In order to define the rank of a matrix, I want to use reduced row echelon form (rref). I have an ugly proof that the rref is unique in the following sense: If $A,B$ are in rref and $A=ZB$ with invertible $Z$ then $A=B$.
However, the claim is too strong: I only need that the number of pivot positions is unique.

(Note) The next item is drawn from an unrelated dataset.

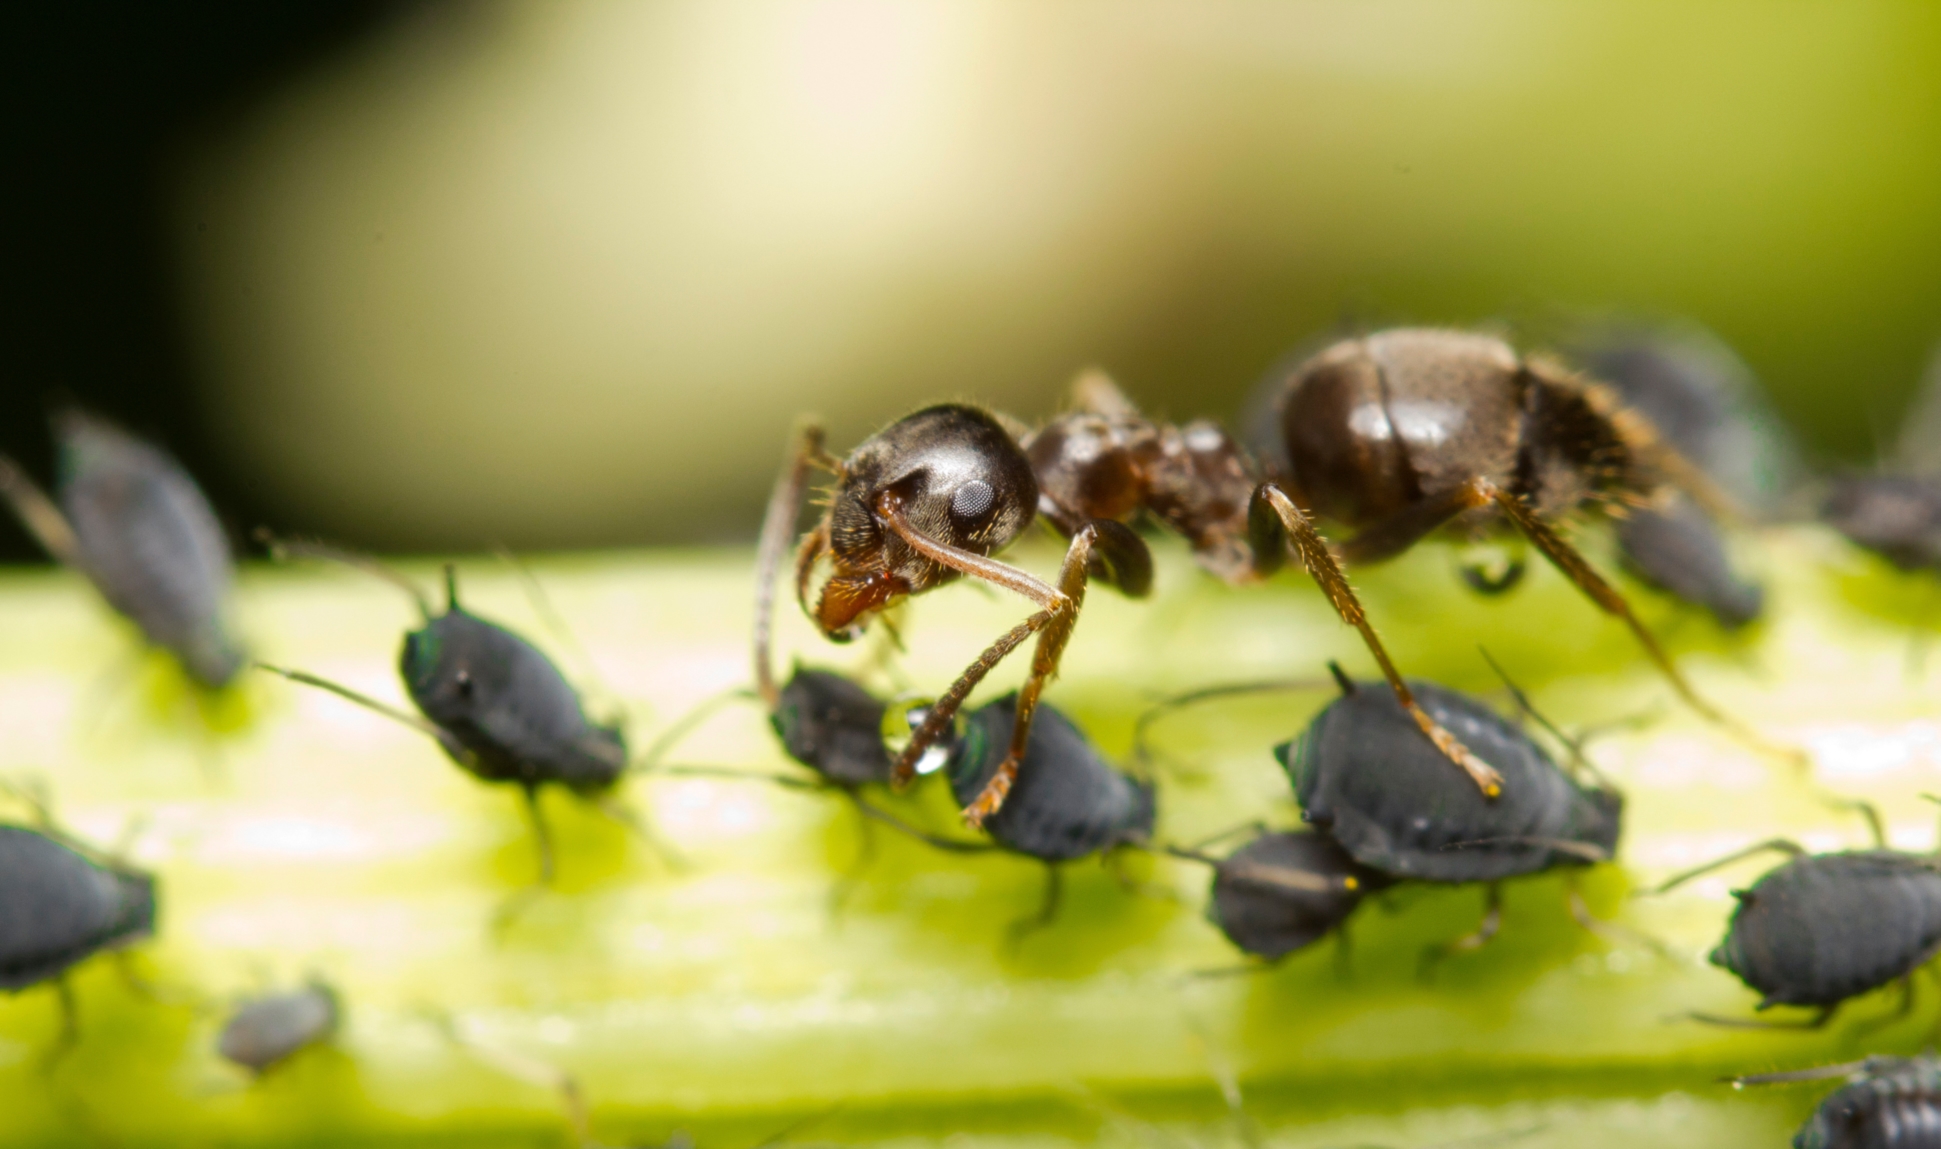 Ameisen ernÃ¤hren sich von Honigtau, welcher von BlattlÃ¤usen ausgeschieden wird. 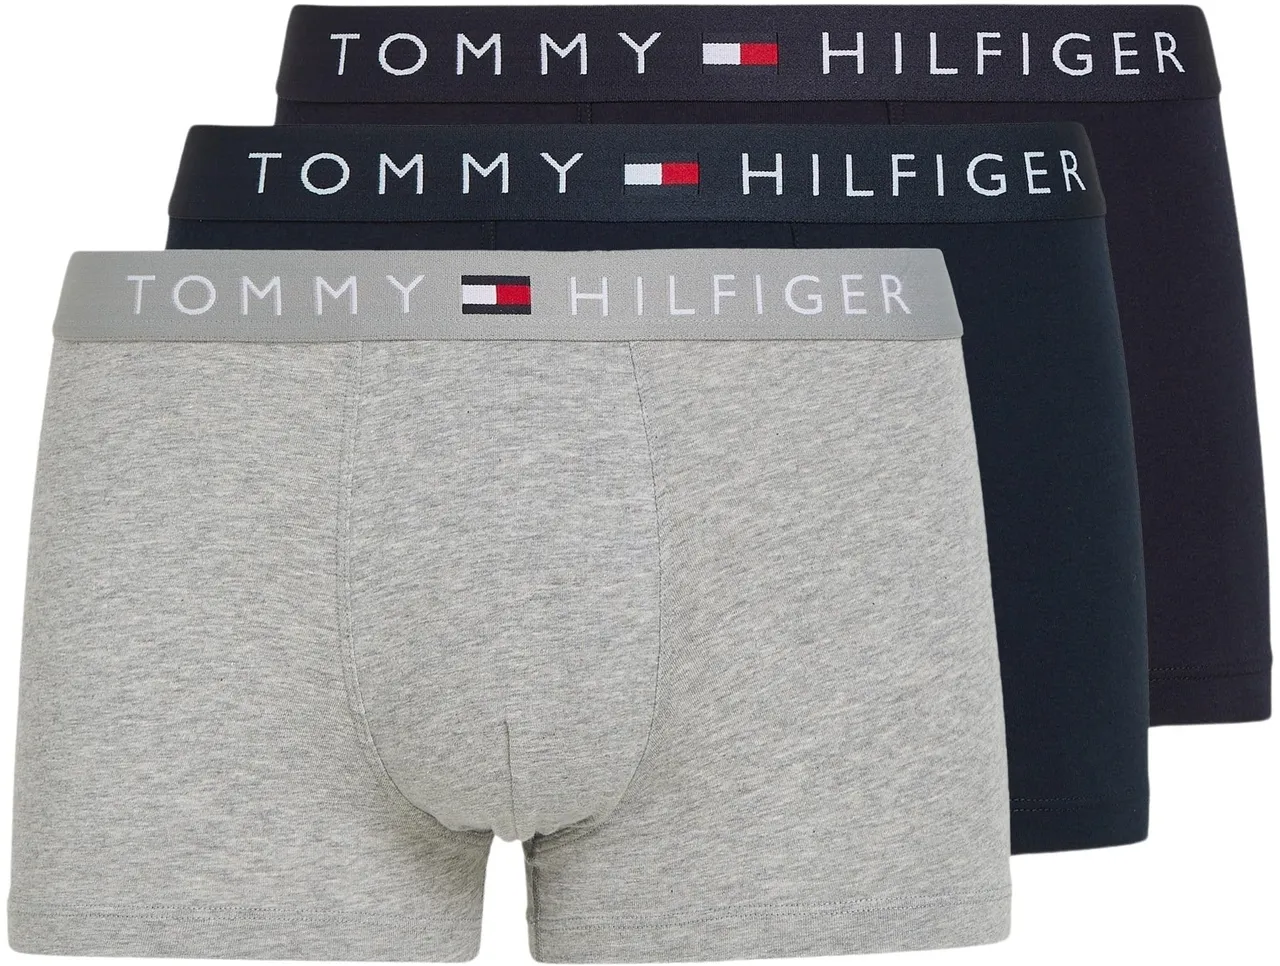 Tommy Hilfiger Herren Boxershorts Trunks Unterwäsche

Then the question reduces to a hunt for a proof of the following statement:
Let $F$ be any field, $Q\in GL_m(F)$, $R\in GL_n(F)$, $0\le q,r\le \min(m,n)$ with
$$
Q \pmatrix{ I_q & 0 \\ 0&0} = \pmatrix{ I_r & 0 \\ 0&0} R.
$$
Then $q=r$.
Is there a (nice) proof that only uses matrix-multiplication based arguments?
Note, that I cannot use rank or any other advanced concept here like determinant, dimension, etc.
Best Answer
Assume $q<r$. Let me partition $R=\pmatrix{ R_{11} & R_{12}\\ R_{21} & R_{22}}$ with $R_{11}\in K^{r,q}$. Then $$ \pmatrix{ I_r& 0 \\ 0&0} R= \pmatrix{ I_r& 0 \\ 0&0}\pmatrix{ R_{11} & R_{12}\\ R_{21} & R_{22}} =\pmatrix{ R_{11} & R_{12}\\ 0&0}. $$ Due to the assumption, the last $n-q$ columns are zero, so $R_{12}=0$.
In addition, there exists $x\in K^{n-q,1}$, $x\ne0$, such that $R_{22}x=0$. This can be constructed from the rref of $R_{22}$, since $R_{22}$ has more columns ($n-q$) than rows ($n-r$). Then $R\pmatrix{0\\ x}=0$, which is a contradiction to the invertibility of $R$. Hence $q\ge r$.
The inequality $q\le r$ can be obtained by multiplying the assumption by $Q^{-1}$ and $R^{-1}$ and applying the first part of the proof again.